In parts 2 and 3, we will discuss each of these four levels of “proof” the husband and wife both feel they have, and why they do not take the necessary steps to get off the Crazy Cycle, even though they know it’s spinning faster and faster. “It’s not me, it’s my spouse!” they are convinced. And they have the proof to back it up.

But do they really?

Emerson Eggerichs, Ph.D.
Author, Speaker, Pastor

Questions to Consider

  1. Describe a time when, in conflict with your spouse, you believed you were right and your spouse was wrong. How did your viewpoint (whether you were correct in your assessment or not) affect your path off of the Crazy Cycle?  
  2. Have you ever felt justified in being unloving or disrespectful toward your spouse?
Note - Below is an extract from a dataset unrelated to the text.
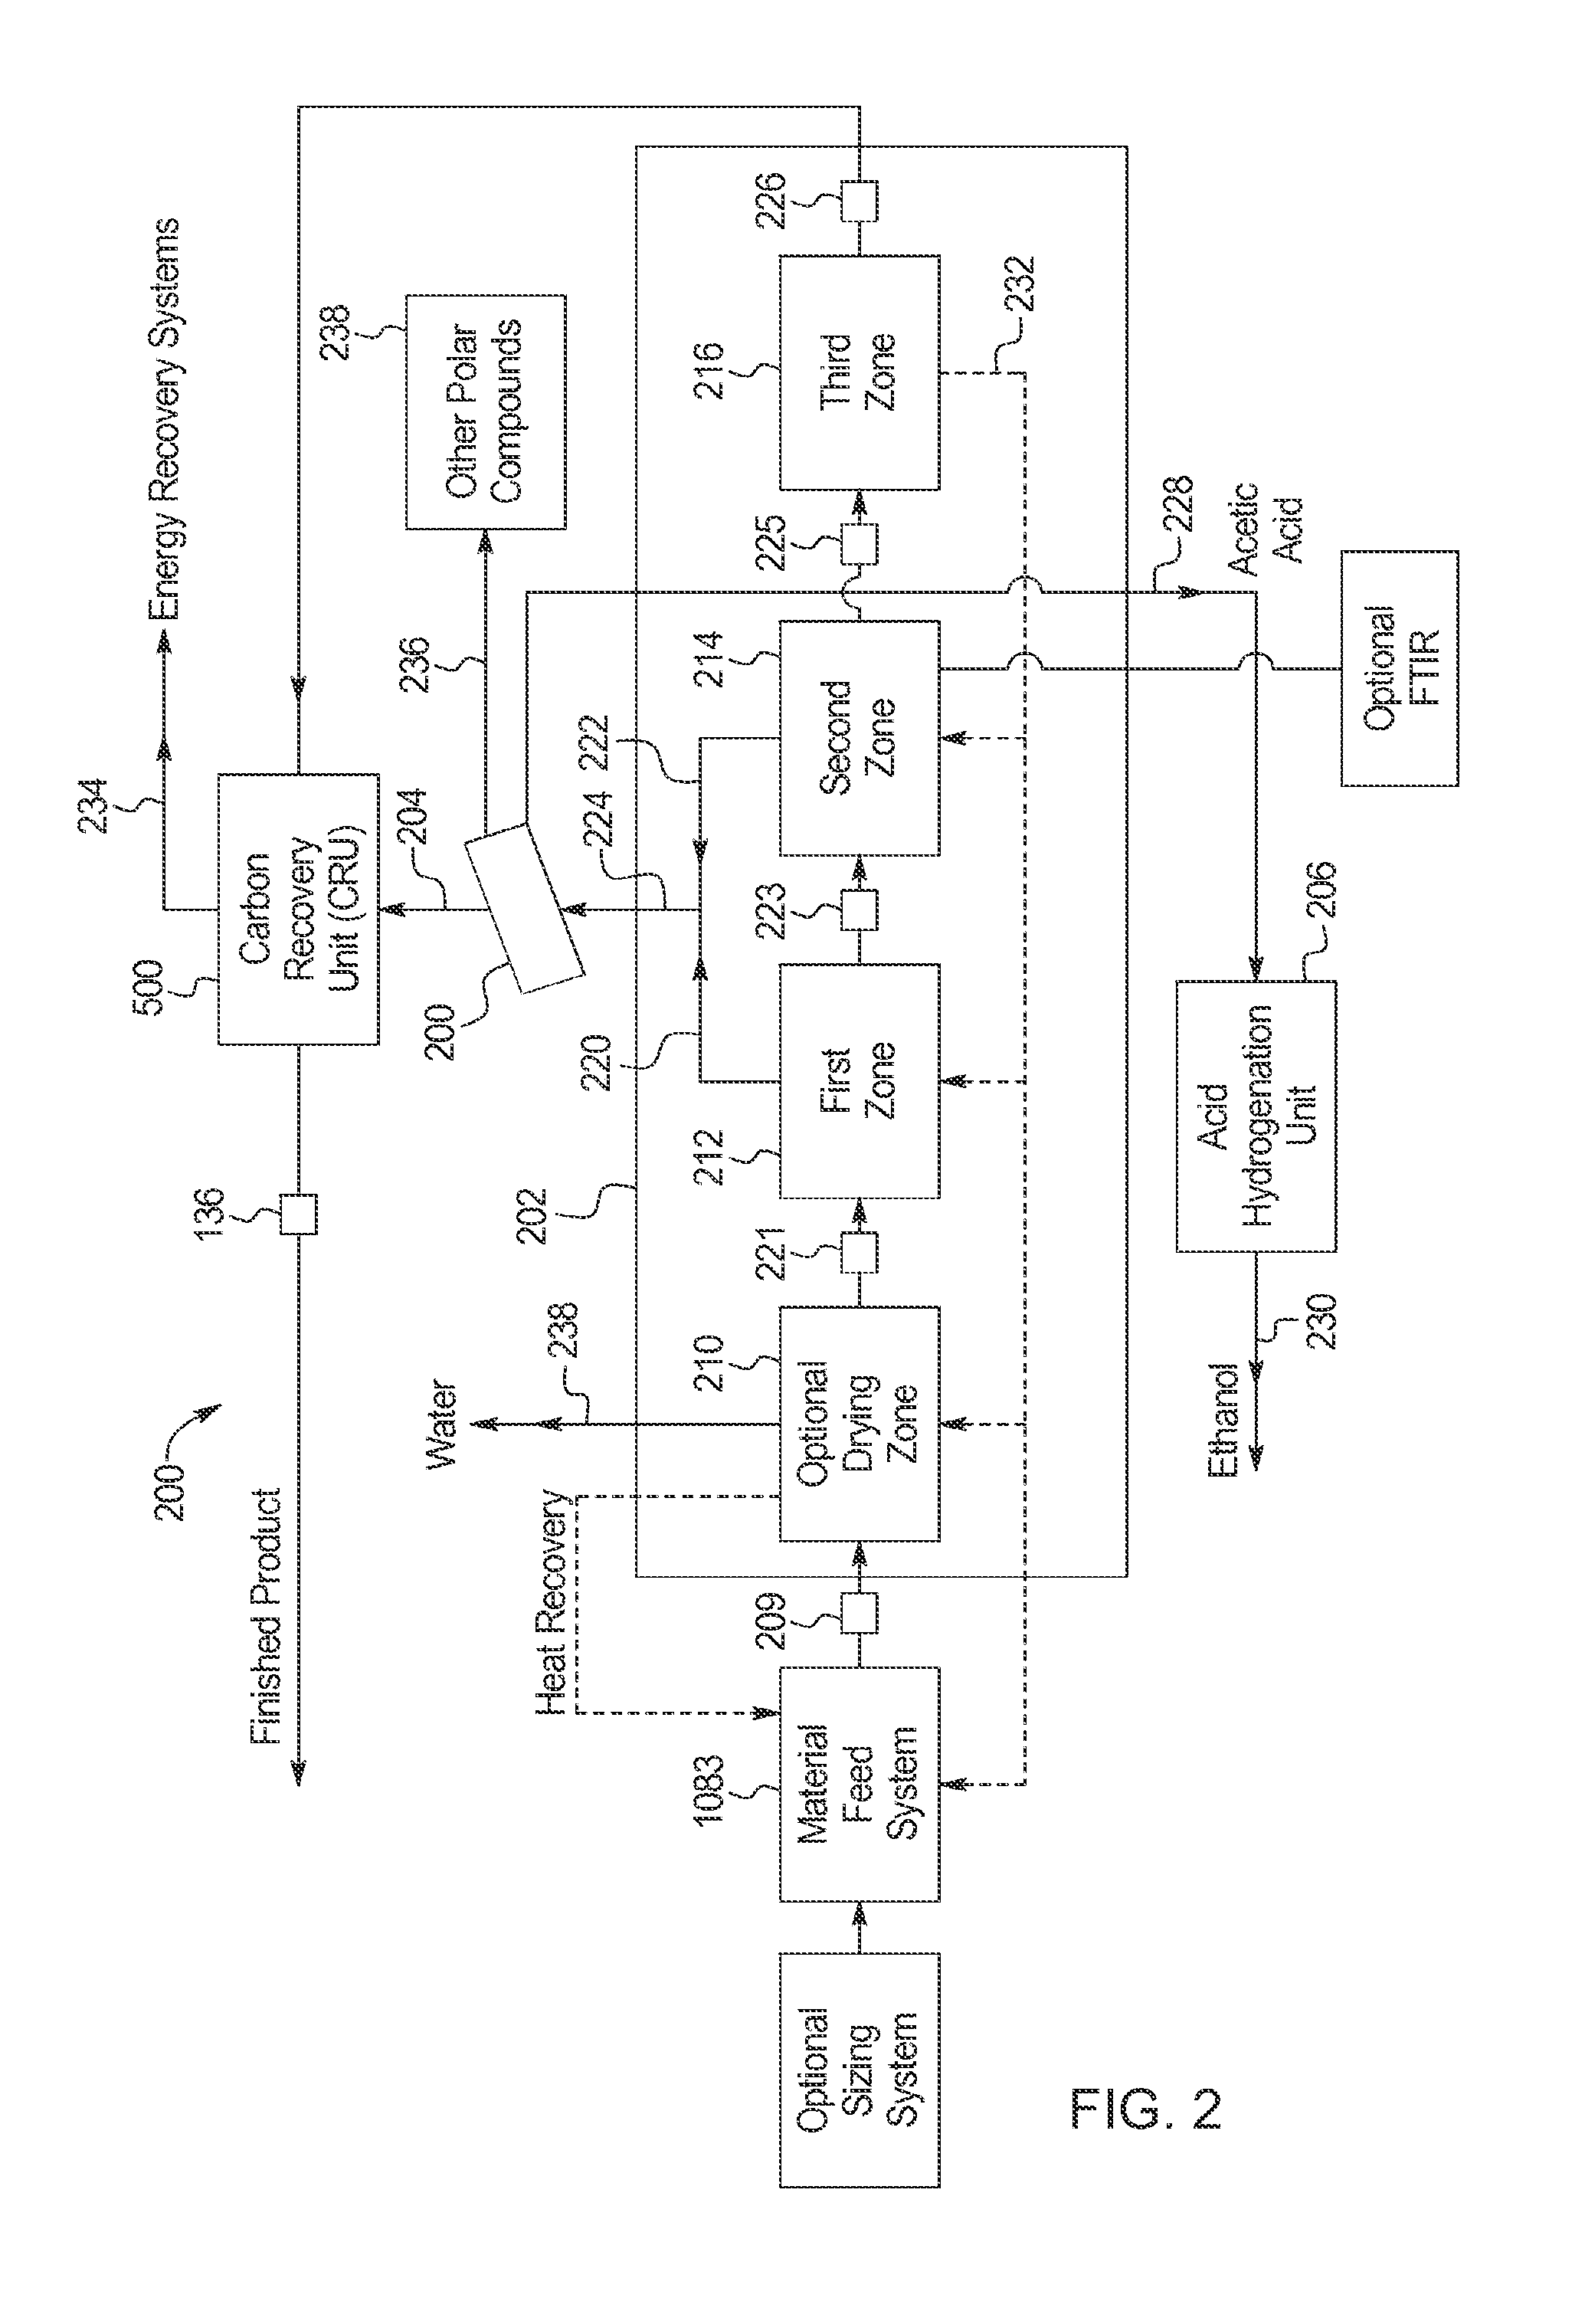 Process for producing high-carbon biogenic reagents
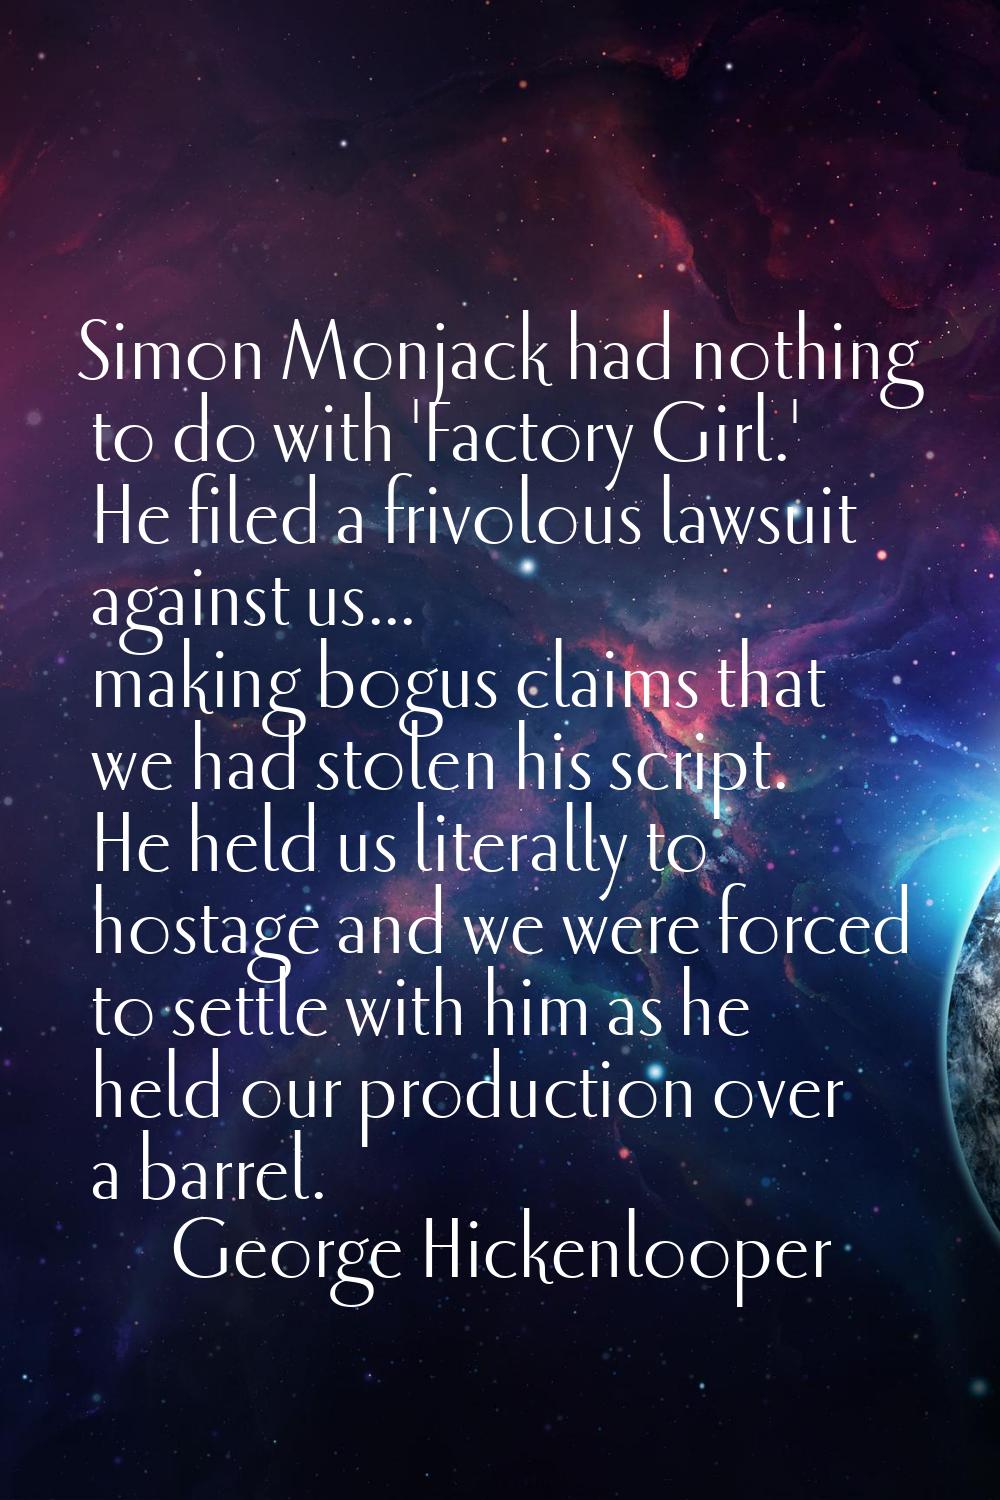 Simon Monjack had nothing to do with 'Factory Girl.' He filed a frivolous lawsuit against us... mak

What justifications did you give for yourself? Why did your unloving or disrespectful reaction actually make matters worse?
  3. Emerson said, “Pink does not naturally see what blue sees, so she judges things based on her pink standard of what is right. Blue does not naturally see what pink sees, so he judges based on his blue standard of what is wrong.” Do you agree or disagree? Explain your answer.
  4. Emerson makes the argument that, regardless of who initiated the Crazy Cycle, both spouses play a role in stopping it. When was a time when, though you were the one who initiated the Crazy Cycle, your spouse’s loving or respectful response helped you get off of the Crazy Cycle? Why did this help you get off of the cycle?